To my mind, the setting up of the Prices Advisory Body constituted a considerable step forward in the governmental attitude towards the regulation of prices, inasmuch as, after the setting up of that body, the justification for price-rises had to be stated right out in public, whereas previously it had been sufficient merely to convince departmental officials, or the Minister. I am not suggesting that it was necessarily any easier to convince them than to convince the Prices Advisory Body, but I am suggesting that from the point of view of public policy and public interest, it is far better that evidence as to any necessity for a price rise of any commodity should be given in public rather than in private, and I think it is fairer to the Department itself.

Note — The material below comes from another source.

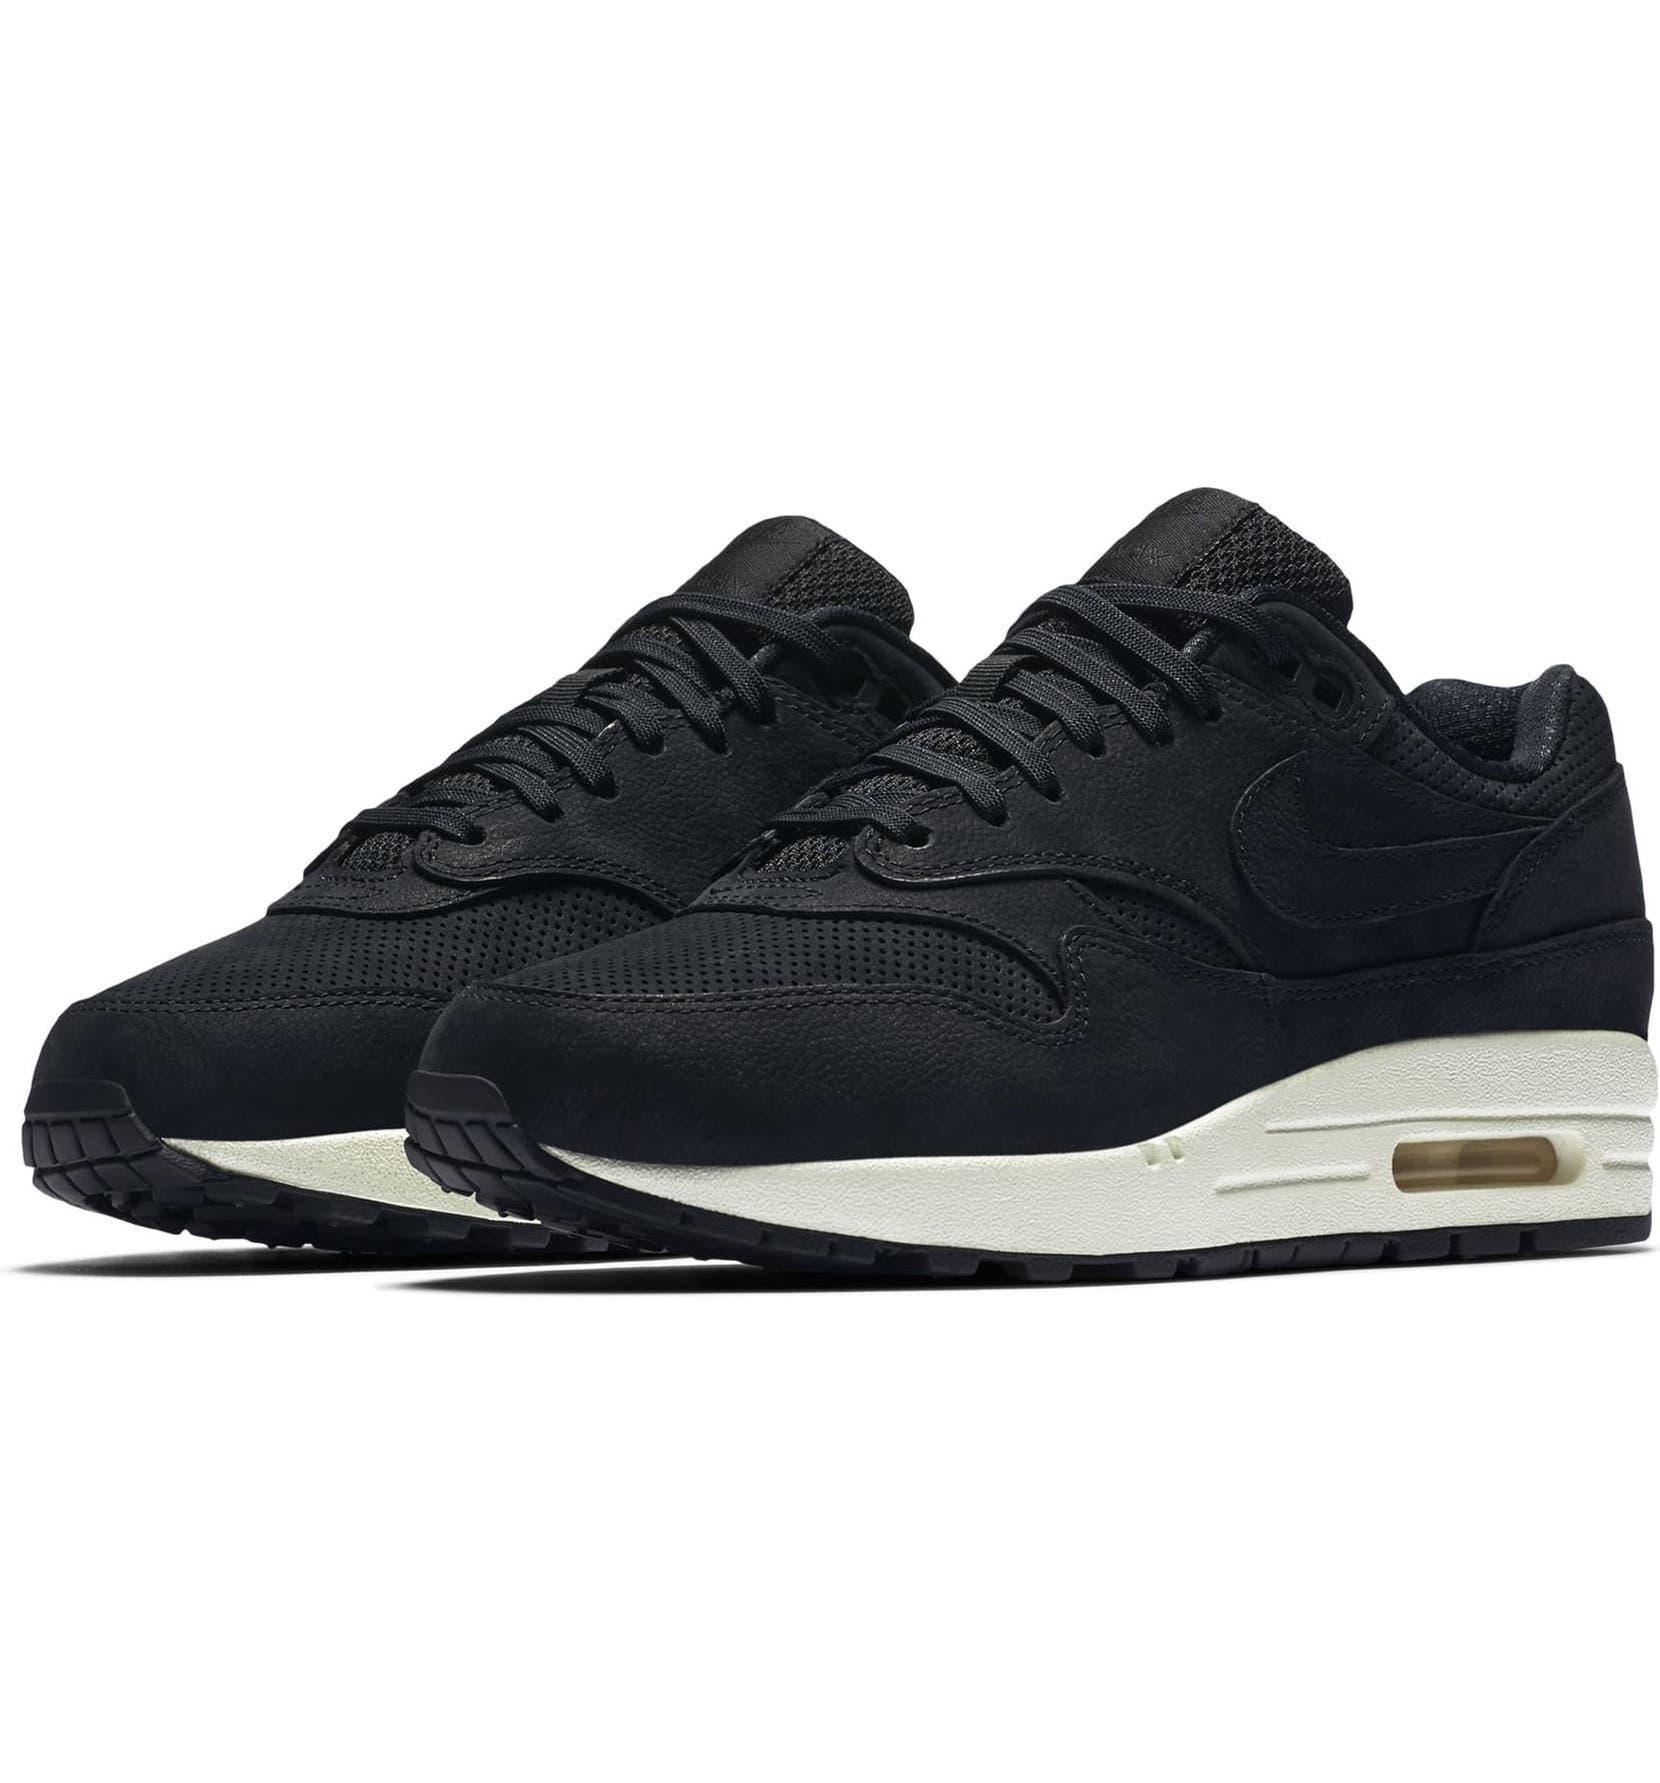 Air Max 1 Pinnacle Sneaker

In fact, one of my criticisms of the Prices Advisory Body is that some of their sittings are held in private, and some of the evidence that is put before them about profits and prices and production costs is never made public. But, despite that fact, despite the fact that I think the Prices Advisory Body should be improved by being made even more public, I think it would be a retrograde step if it were to be abolished and if we were to go back to the methods previously applied, whereby price regulation was done by the Prices Section of the Department of Industry and Commerce. I make this point because the possibility was freely canvassed before the last Government came in that the present Minister for Industry and Commerce was contemplating abolishing the Prices Advisory Body and replacing it by the previous and considerably less satisfactory mechanism, the Prices Section of his own Department. For that reason I think it is necessary to make that point now.
The other point I want to make is that I think we have all become aware of the very direct effect upon the costs of many commodities, foodstuffs in particular, of the recommendations of the Fair Trade Commission. In particular I am thinking of their recommendations on pricing and supply of goods in the grocery trade. We have all become aware of a considerable drop in the price of many groceries, due, in my opinion, directly to the work of the Fair Trade Commission and its report. In that, I think we have an example of what can be done in practice to bring down prices. I should like, therefore, very strongly to urge upon the Minister the necessity for maintaining both the Prices Advisory Body and the Fair Trade Commission. The Fair Trade Commission having as its principal aim the insistence that in the trades which come under its survey real competition, price competition, shall obtain, it will be, in my opinion, always both immediately and ultimately to the benefit of the consumer.